[Dataset entries]
☆ ☆ ☆

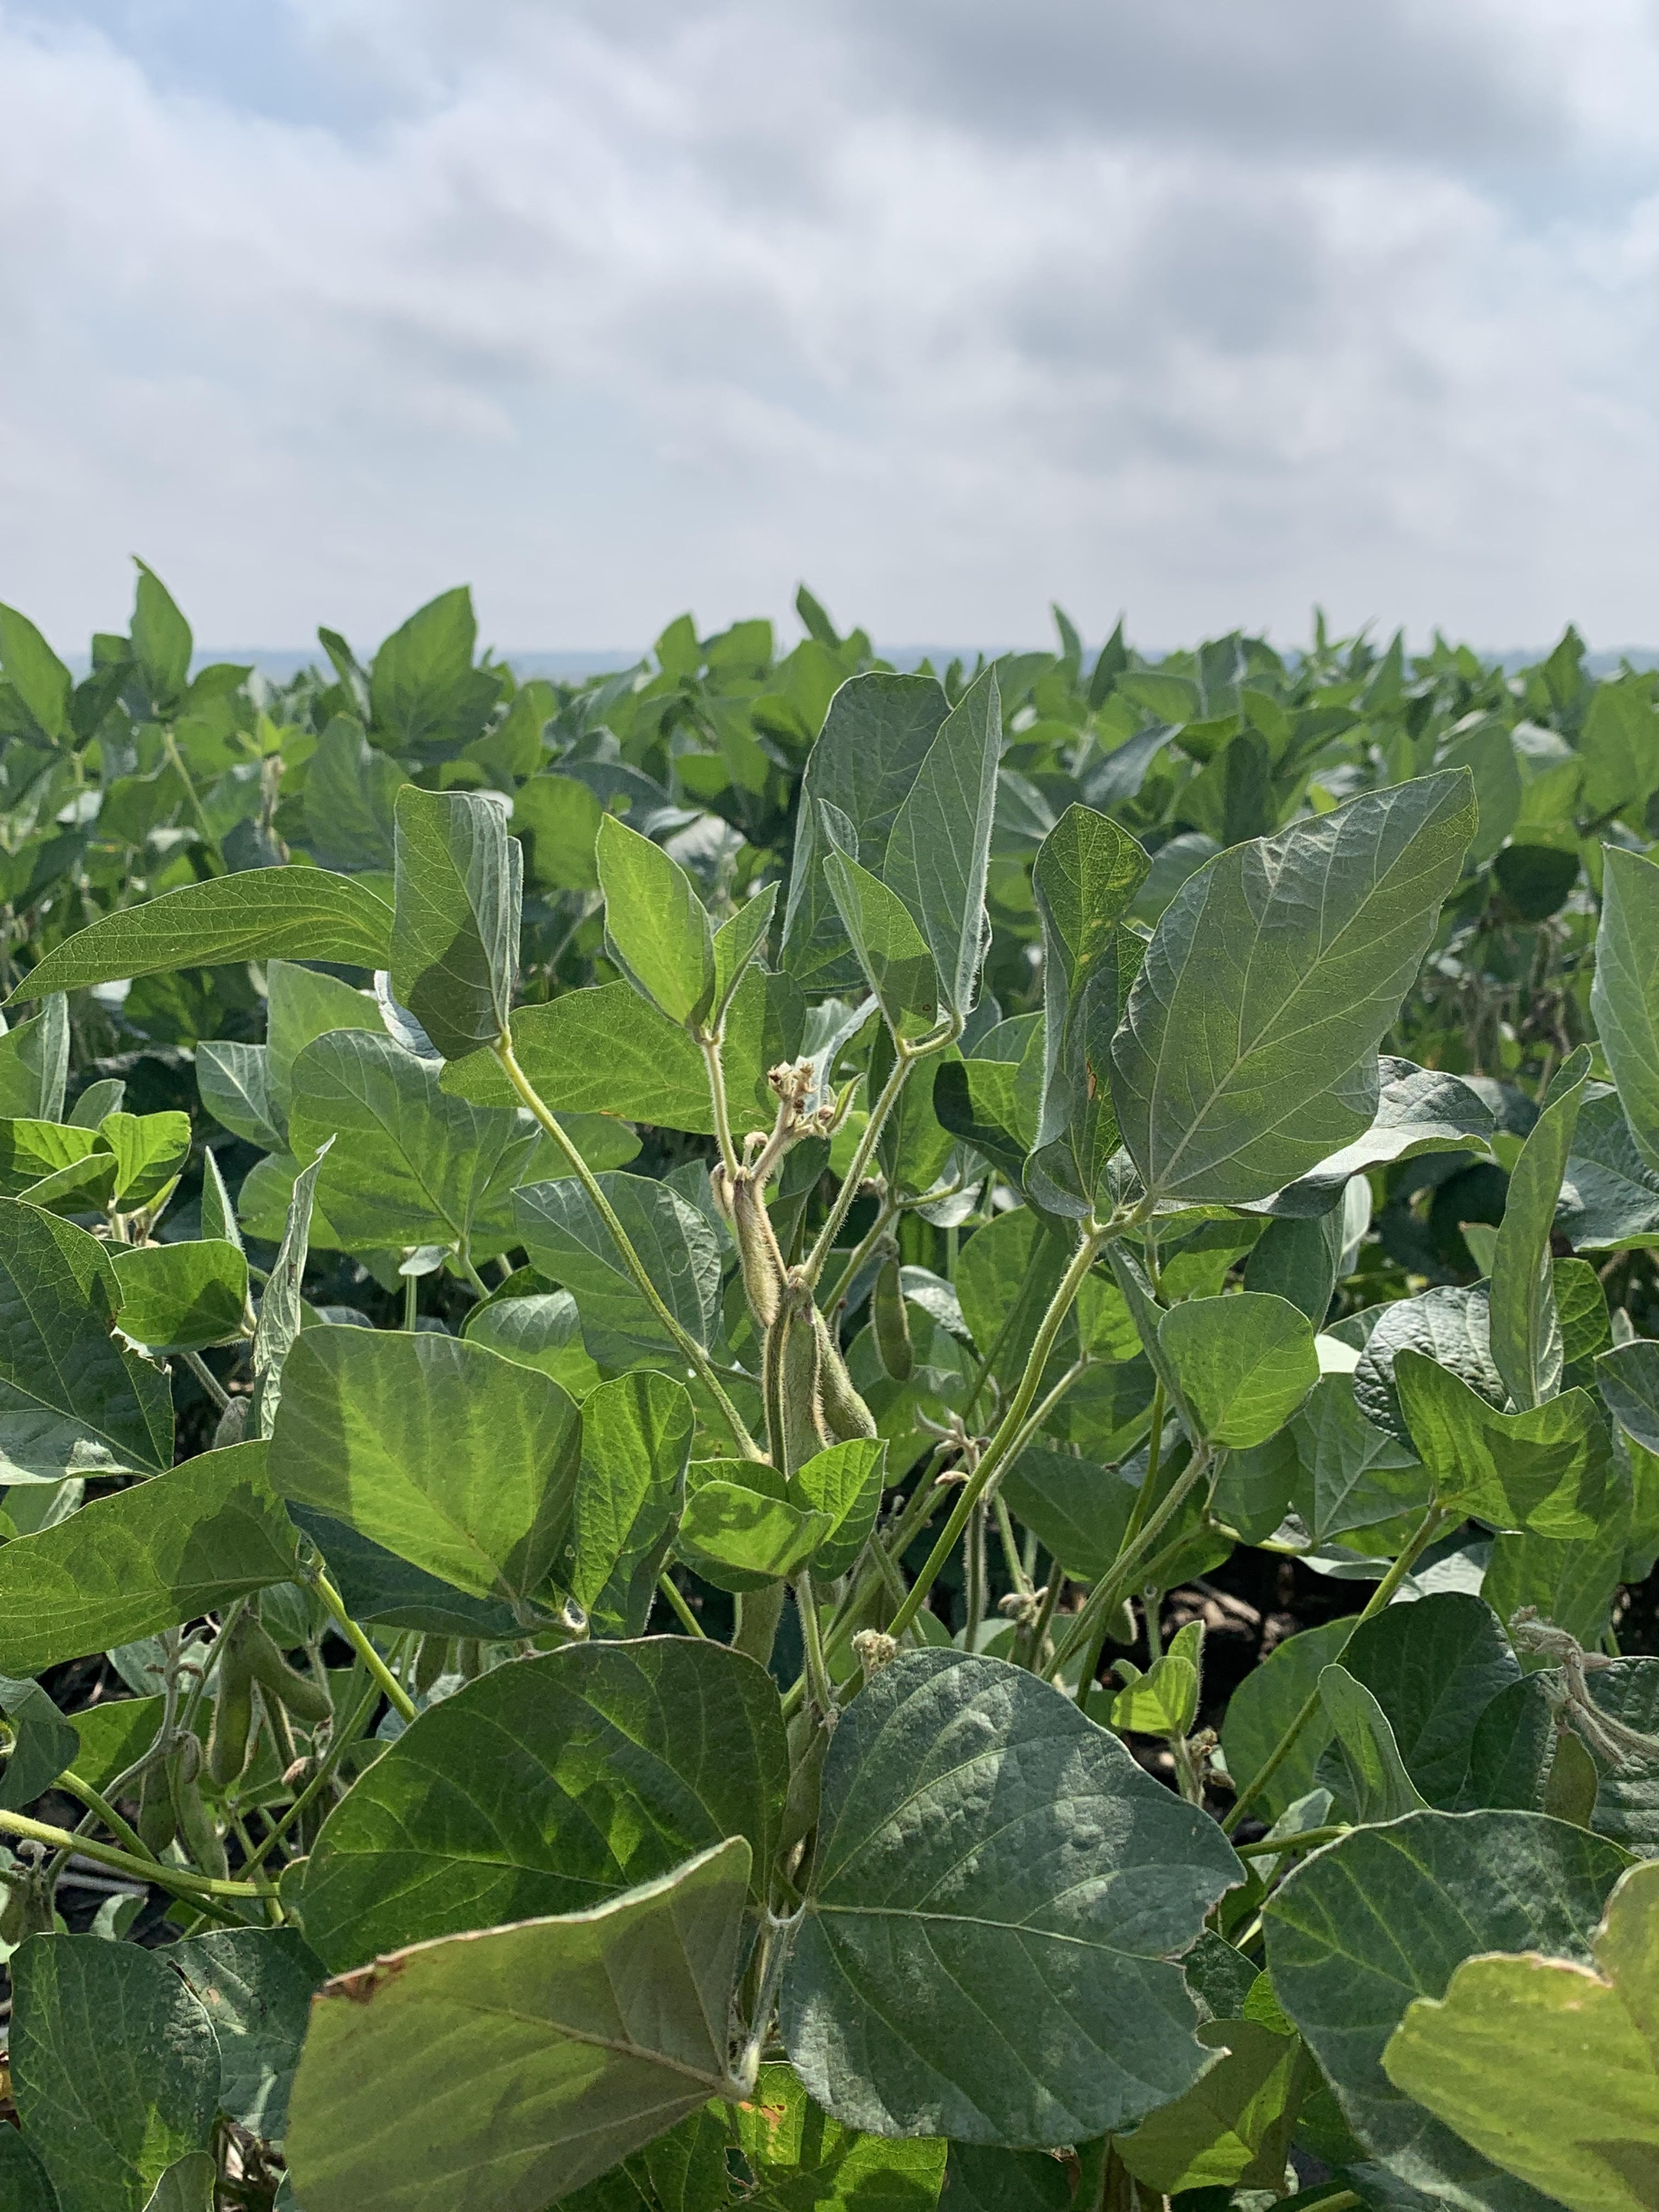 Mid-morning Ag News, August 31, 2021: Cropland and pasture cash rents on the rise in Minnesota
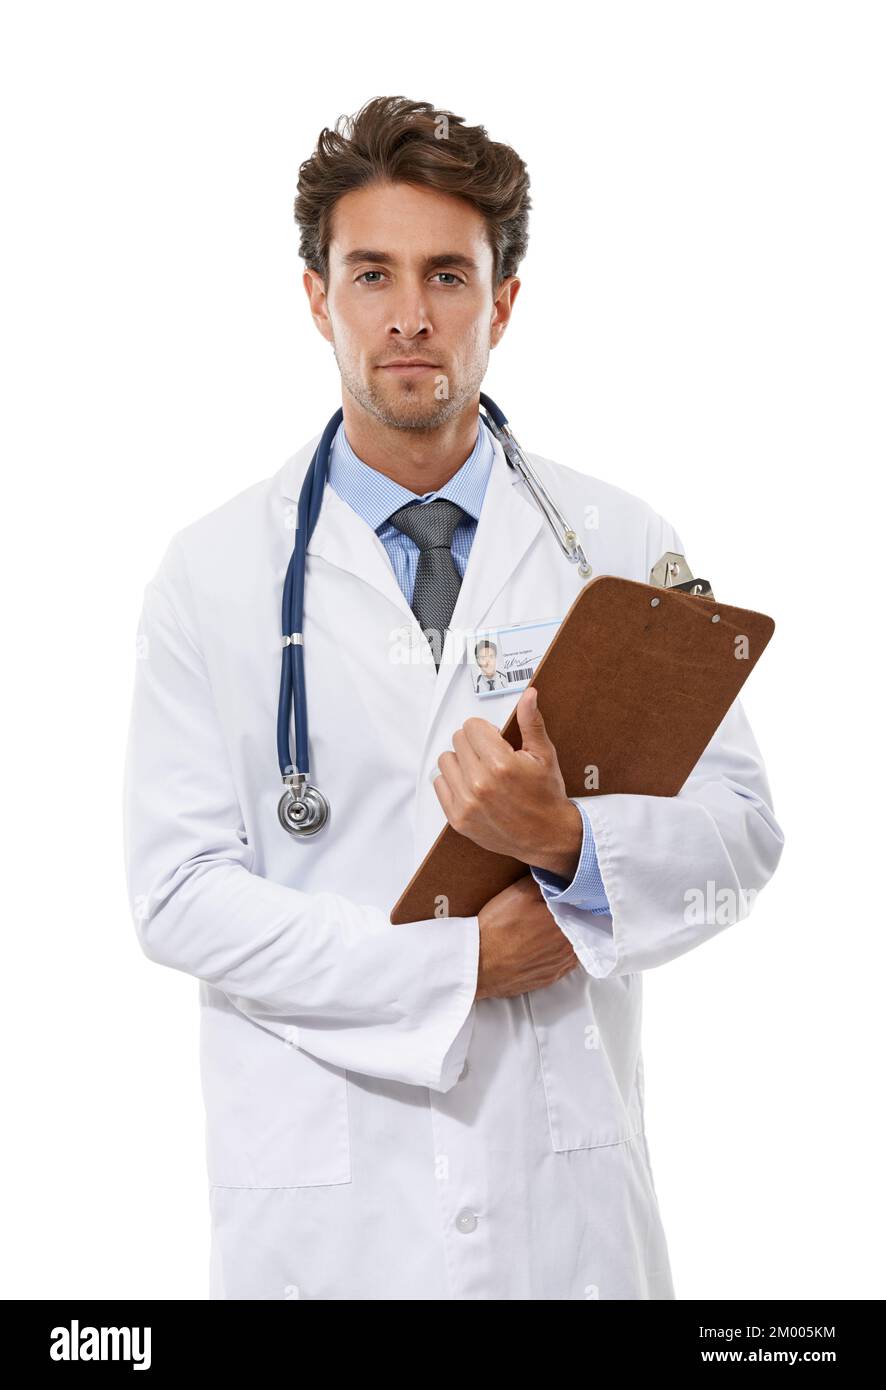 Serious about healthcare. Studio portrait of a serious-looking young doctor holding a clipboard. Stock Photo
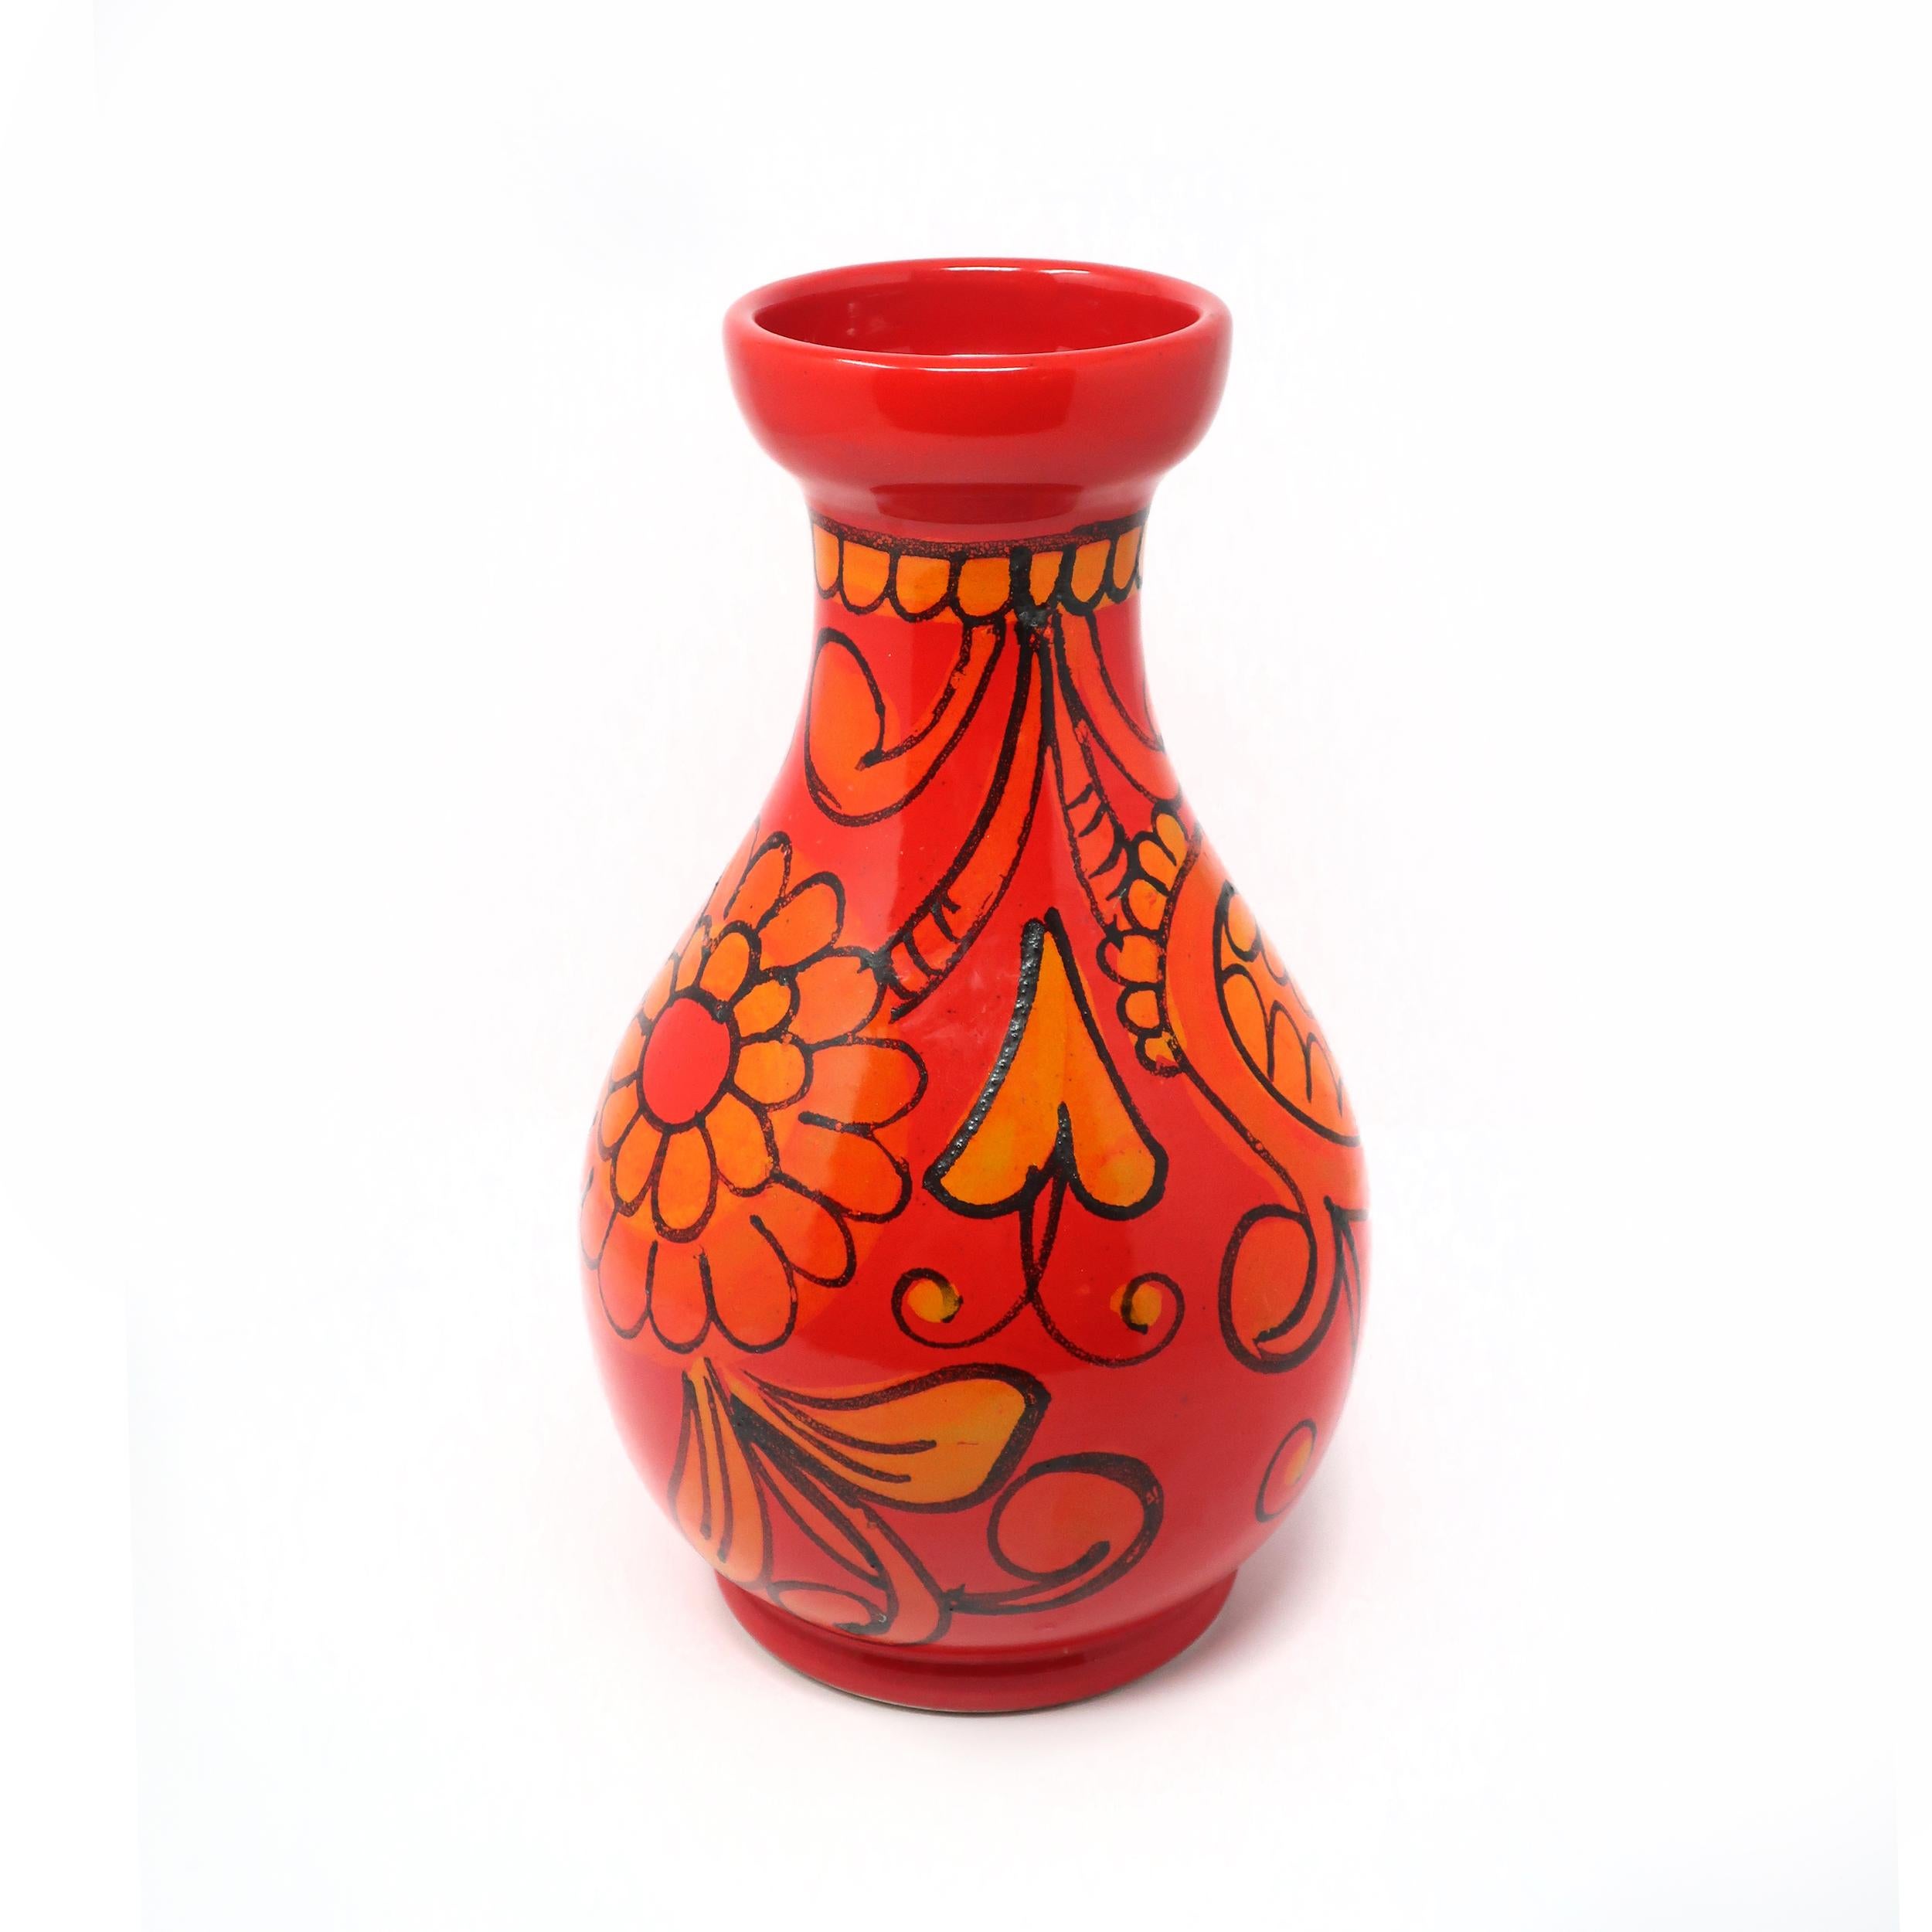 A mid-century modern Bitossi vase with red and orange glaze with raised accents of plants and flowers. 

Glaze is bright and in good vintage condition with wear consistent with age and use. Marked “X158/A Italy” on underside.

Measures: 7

☆ ☆ ☆

● Try it
What is needed is a verbatim transcription of the records, minus the pictures.

● Answer to this exercise
 Mid-morning Ag News, August 31, 2021: Cropland and pasture cash rents on the rise in Minnesota
 Serious about healthcare. Studio portrait of a serious-looking young doctor holding a clipboard. Stock Photo
 A mid-century modern Bitossi vase with red and orange glaze with raised accents of plants and flowers. 

Glaze is bright and in good vintage condition with wear consistent with age and use. Marked “X158/A Italy” on underside.

Measures: 7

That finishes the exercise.